Bear with a Human Face – Chapter 3 | Creepy Survival Web Novel | WebNovelVerse Chapter 02
Chapter 03
*

 Darkness swallowed Pine Song Ridge as we dragged ourselves back to camp. Against every instinct, we’d been forced to leave Shen Jun’s body behind. Liang Yu lit a fire, and we gathered around it, huddled and silent, each lost in our own dread.

“It wasn’t a person who did that to him,” I finally said, my voice low and cracked. “Shen Jun that couldn’t have been done by a human. It had to be something wild, something from the woods.”
I whispered it again, almost to myself, “A bear. It had to be a bear. You all said it a bear could disguise itself, lure him into the trees, then....” I trailed off, unwilling to finish the thought.

Lin Qiang, still pale but awake now, suddenly glared at me, her eyes red and rimmed with tears and fury. “Enough with the bear crap. That’s a kid’s story, you get that? If there was a real bear, Shen Jun...my Shen Jun would’ve known. He’d never have just followed it into the woods like some idiot. You think he was stupid? God, I hate how you talk.”

Her voice broke, raw with grief and anger, her body shaking. “Honestly, I don’t know what Liang Yu sees in you, you’re scared of every shadow, you don’t know anything about camping.

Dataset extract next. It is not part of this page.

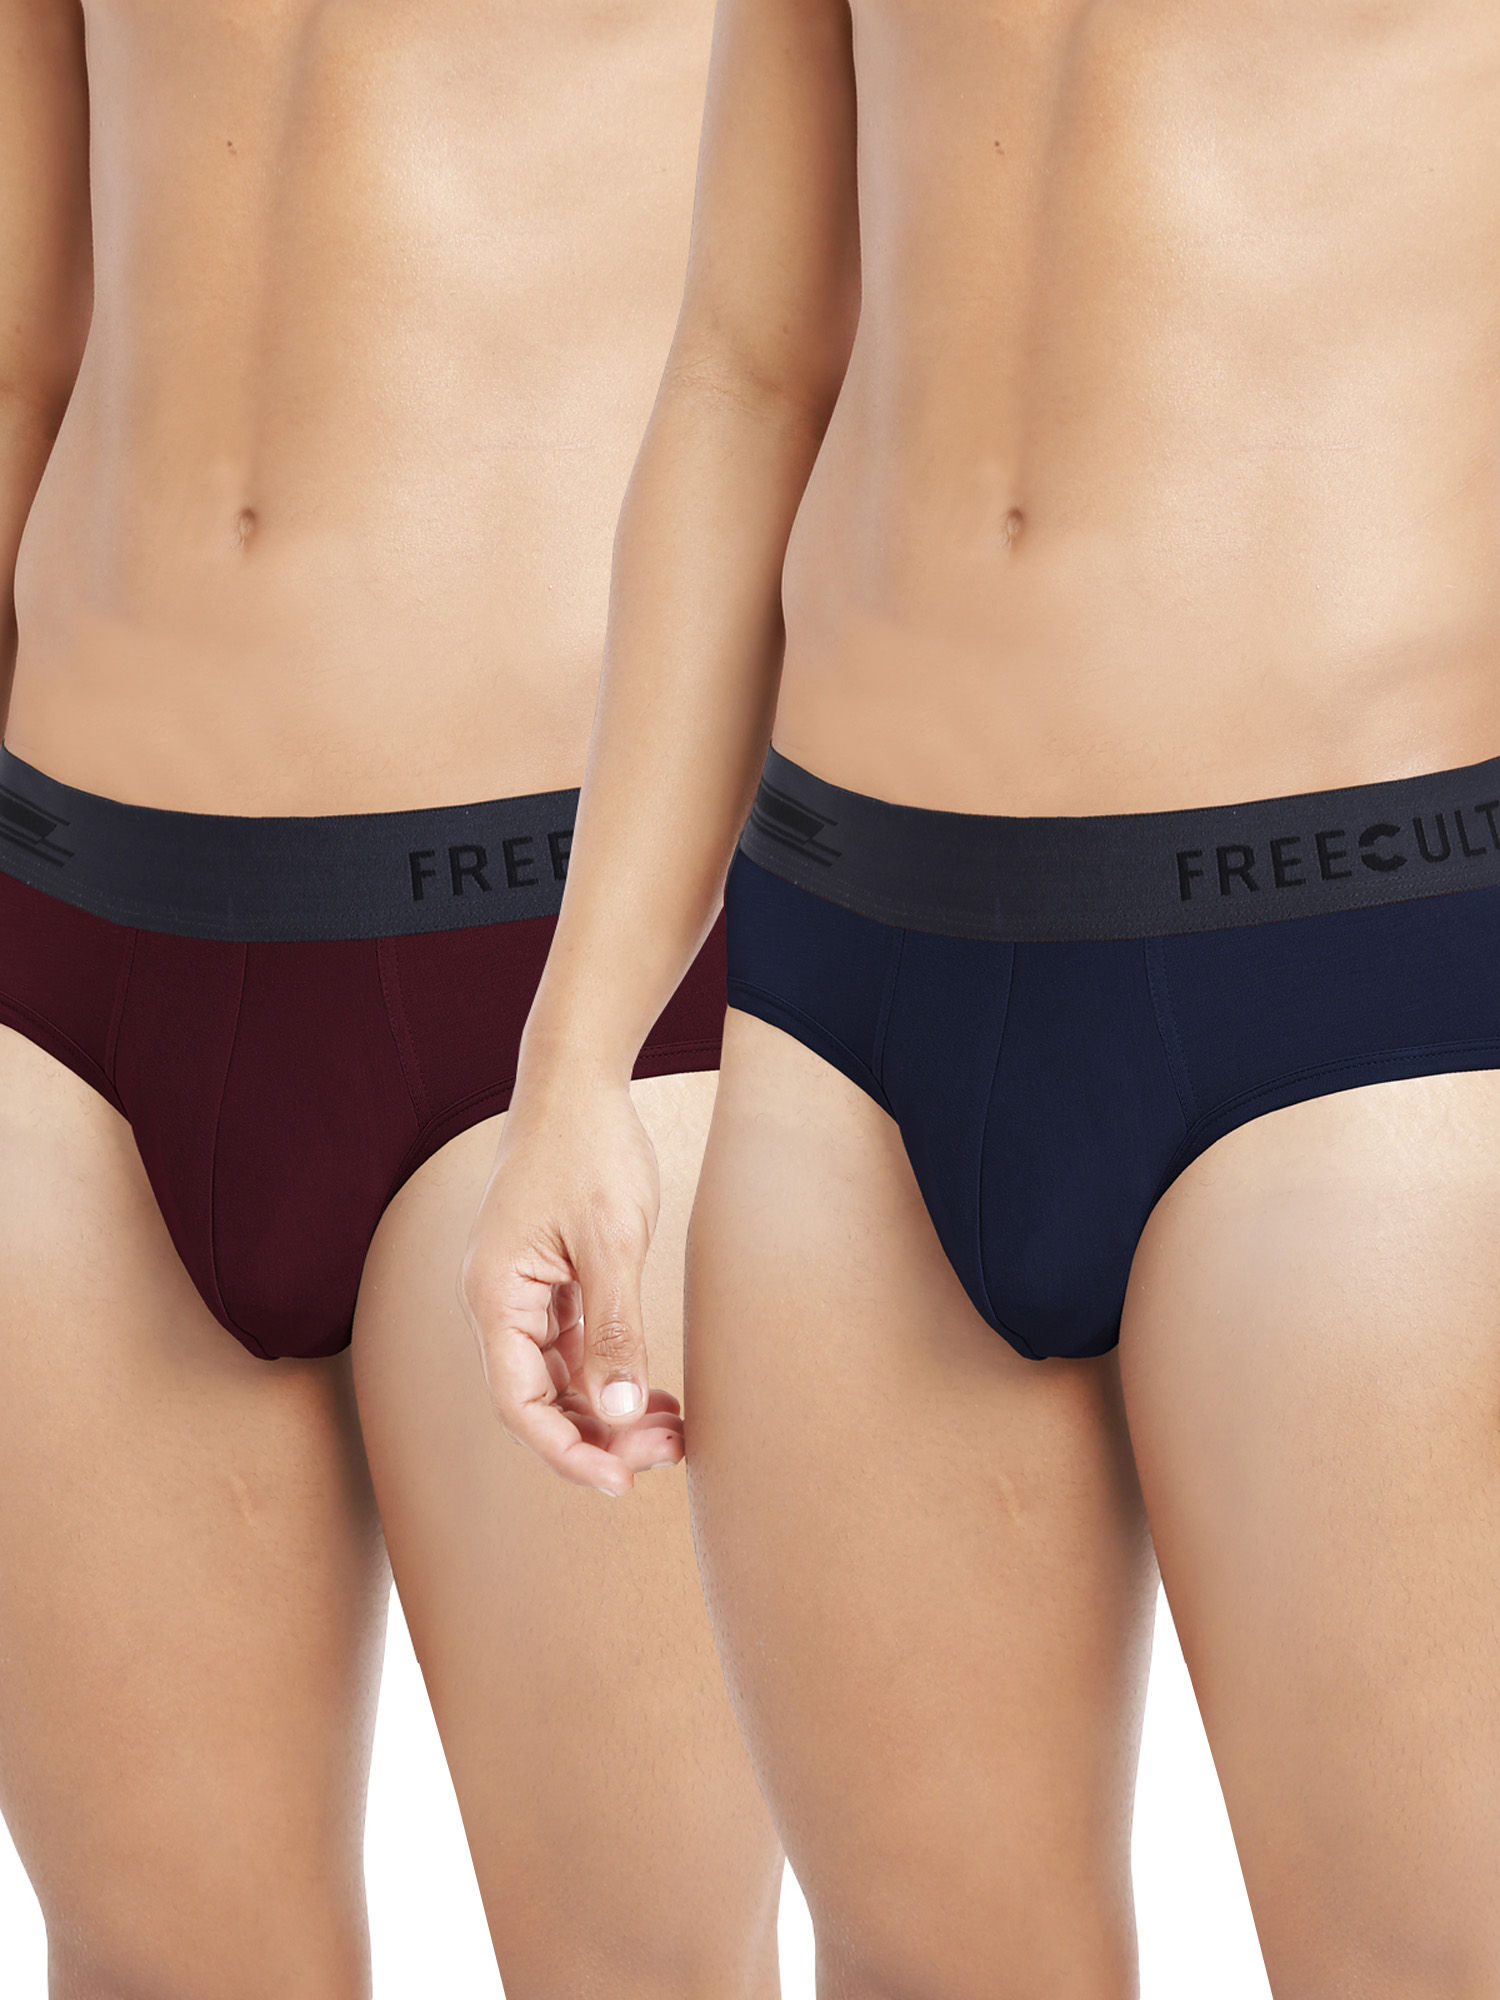 FREECULTR Anti-Microbial Air-Soft Micromodal Underwear Brief Pack Of 2 - Multi-Color (L)

If you mention a damn bear again, I swear....”

I clenched my fists, my own anger flaring despite her pain. “So now you’re blaming me? Who dragged us all into this place in the middle of nowhere? Who took everyone’s phones and locked them up? Now look at us. The cars are wrecked, our phones are useless. We’re trapped here stranded. And you’re worried about hurt feelings?”

The fire crackled, our voices lost in the night, but the truth sat heavy on every shoulder: We’re alone. Whatever found Shen Jun is still out there, watching, waiting. And none of us not even Liang Yu can say what it really is.

But I’m starting to think I know

Lin Qiang’s face twisted in fury. She flung her food aside, tugged a jacket over her shoulders, grabbed a flashlight, and stood up as if to storm into the forest. Liang Yu blocked her, voice steady but urgent. “Don’t. It’s pitch-black. Going out there now is suicide.”

“Both of you, just calm down,” Zhao Shaoju said, trying to diffuse the tension. “I made sure to register our trip. We’re supposed to be out here for three days. If we don’t show up after that, the police will look for us.”

Lin Qiang allowed herself to be pulled back, but she sat there stewing, and I was too drained to keep arguing.

A sick, persistent feeling tugged at me the kind that whispers we won’t see the third day.

That night, we all wedged ourselves into a single tent. Even though no one could sleep, at least no one was alone. But around midnight, my bladder wouldn’t be ignored any longer.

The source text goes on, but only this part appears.